Exercise aim: Skip the pictures and repeat each line of the data exactly.

Supplied material:
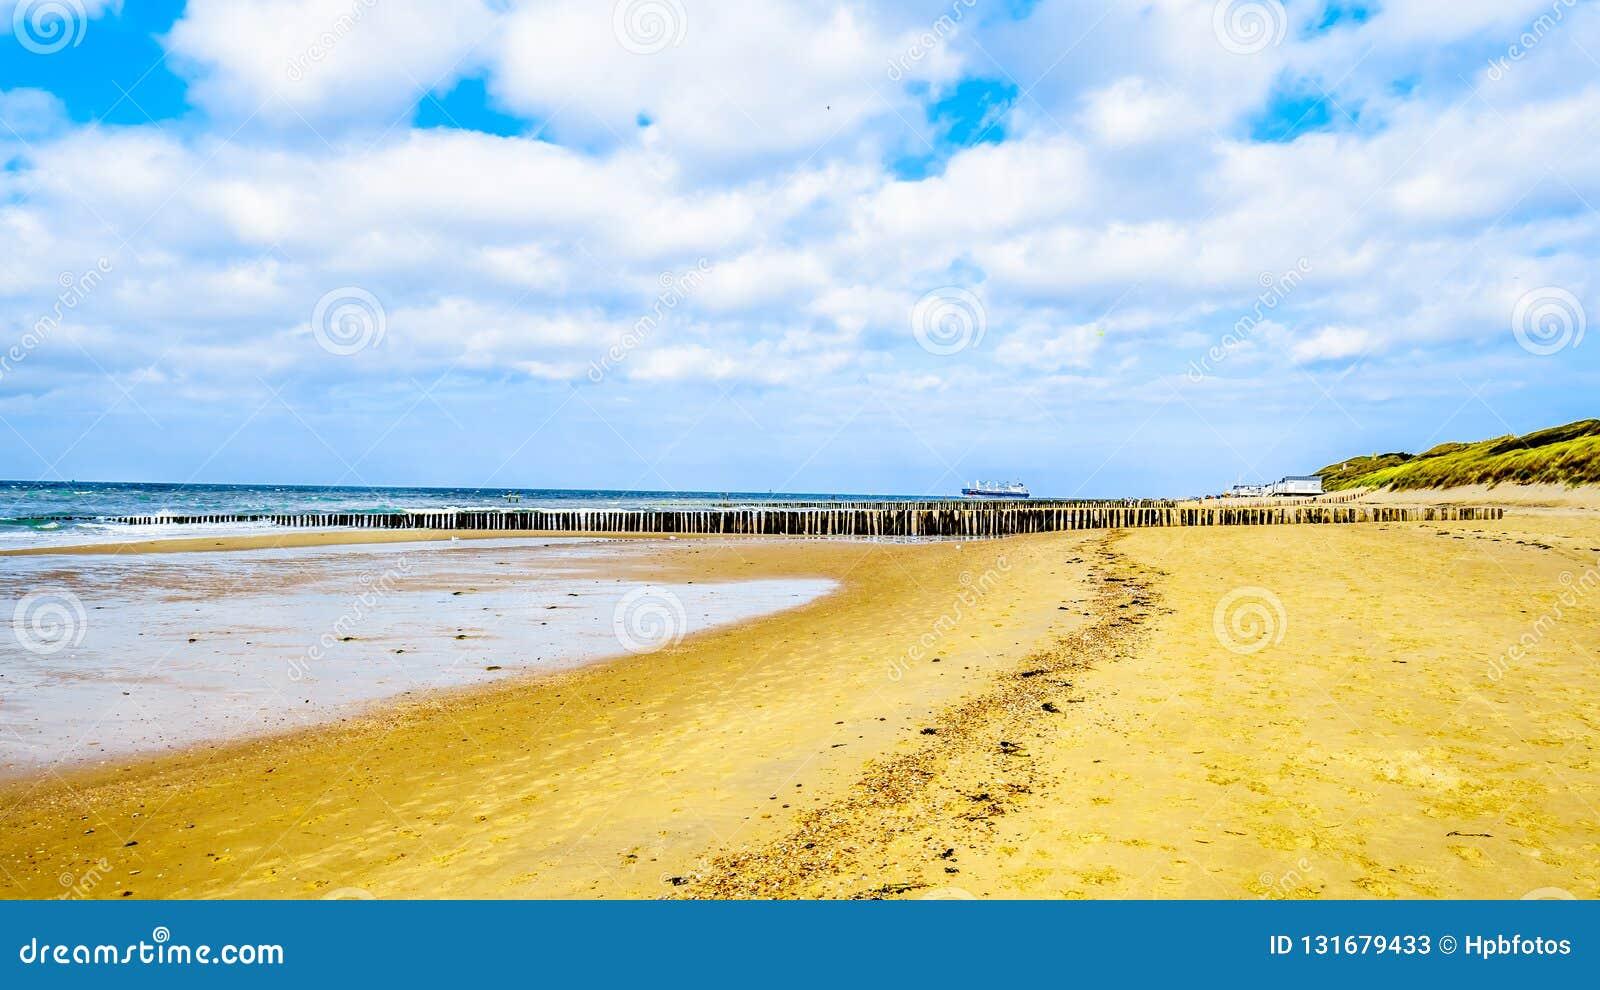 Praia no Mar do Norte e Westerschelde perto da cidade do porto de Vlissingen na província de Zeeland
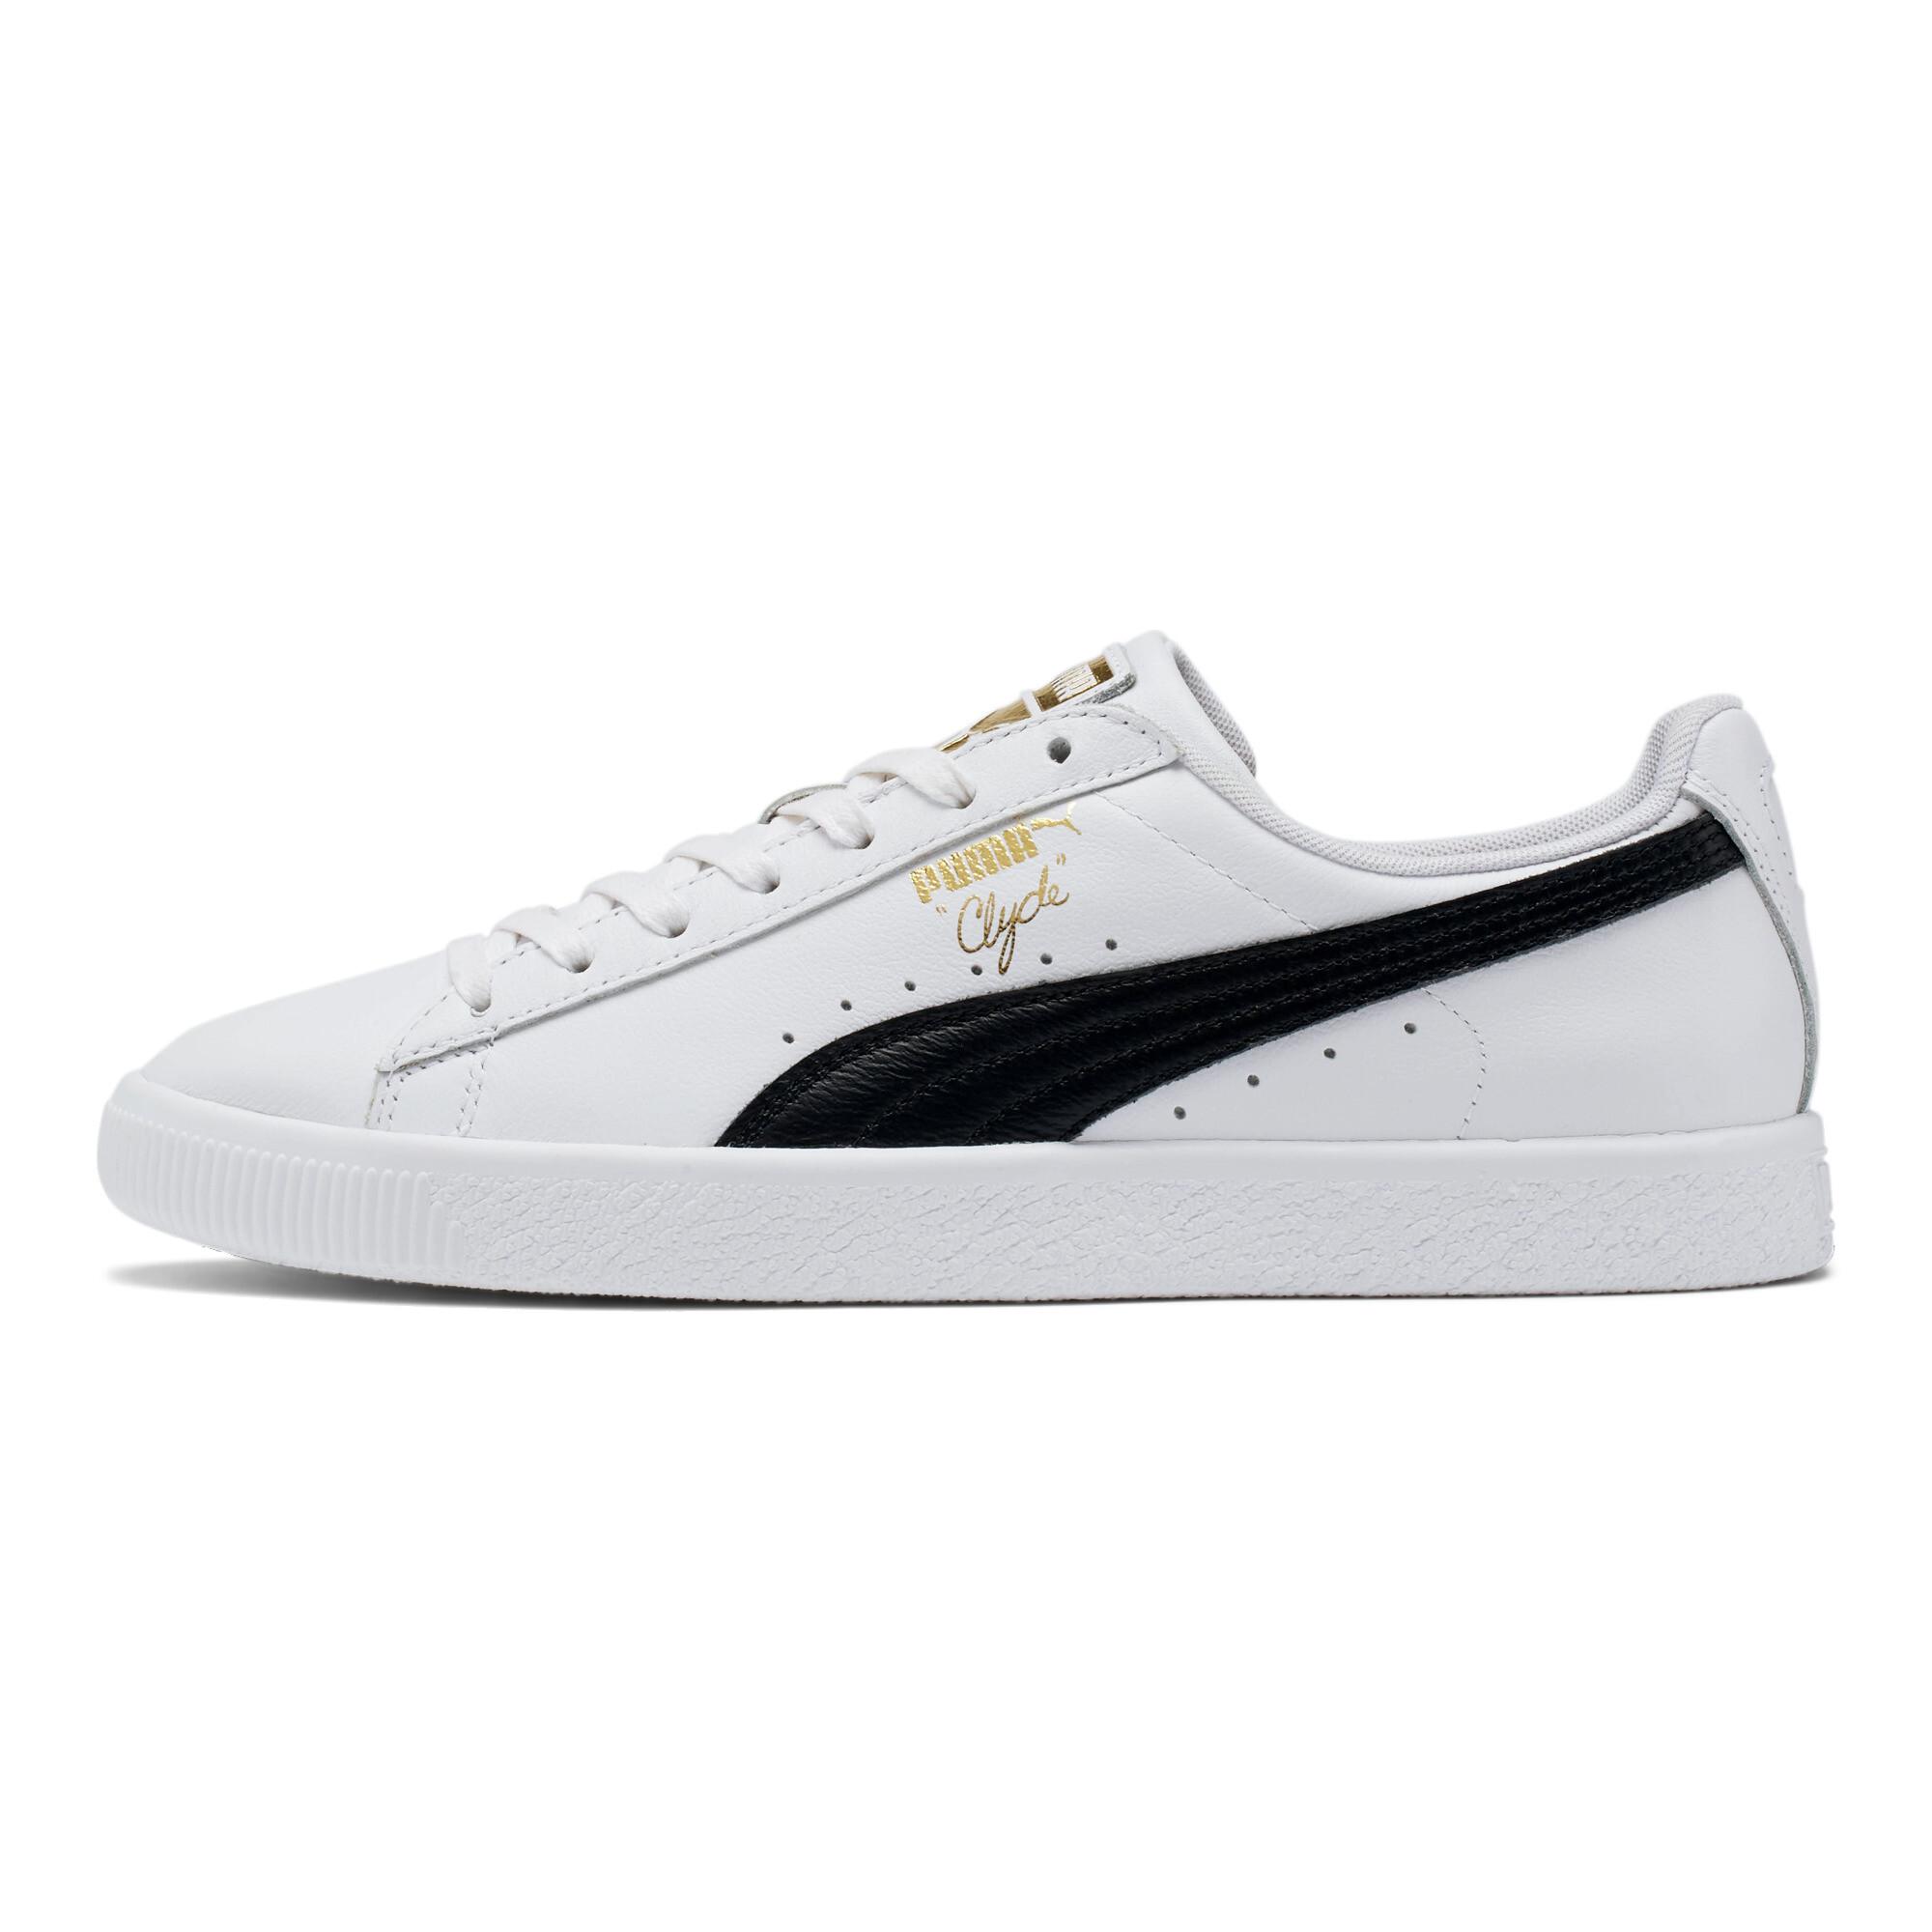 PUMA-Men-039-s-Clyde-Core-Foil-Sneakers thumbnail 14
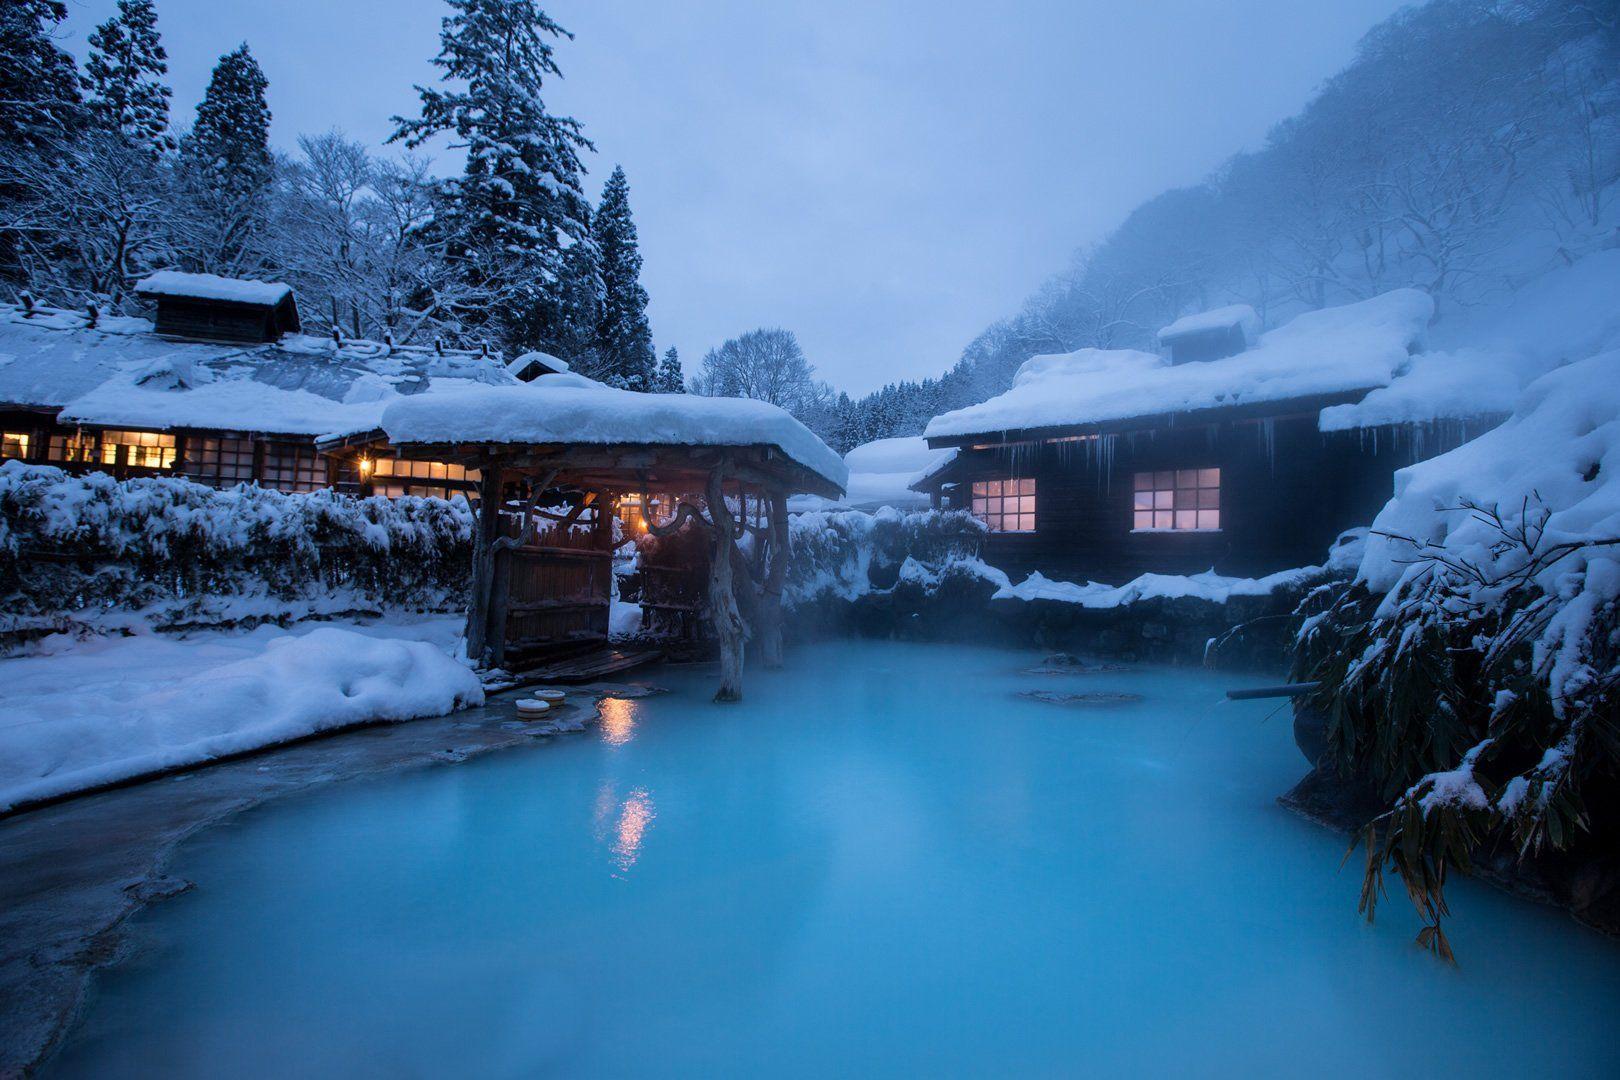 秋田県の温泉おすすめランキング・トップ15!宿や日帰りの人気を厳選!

Exercise response:
 Praia no Mar do Norte e Westerschelde perto da cidade do porto de Vlissingen na província de Zeeland
 PUMA-Men-039-s-Clyde-Core-Foil-Sneakers thumbnail 14
 秋田県の温泉おすすめランキング・トップ15!宿や日帰りの人気を厳選!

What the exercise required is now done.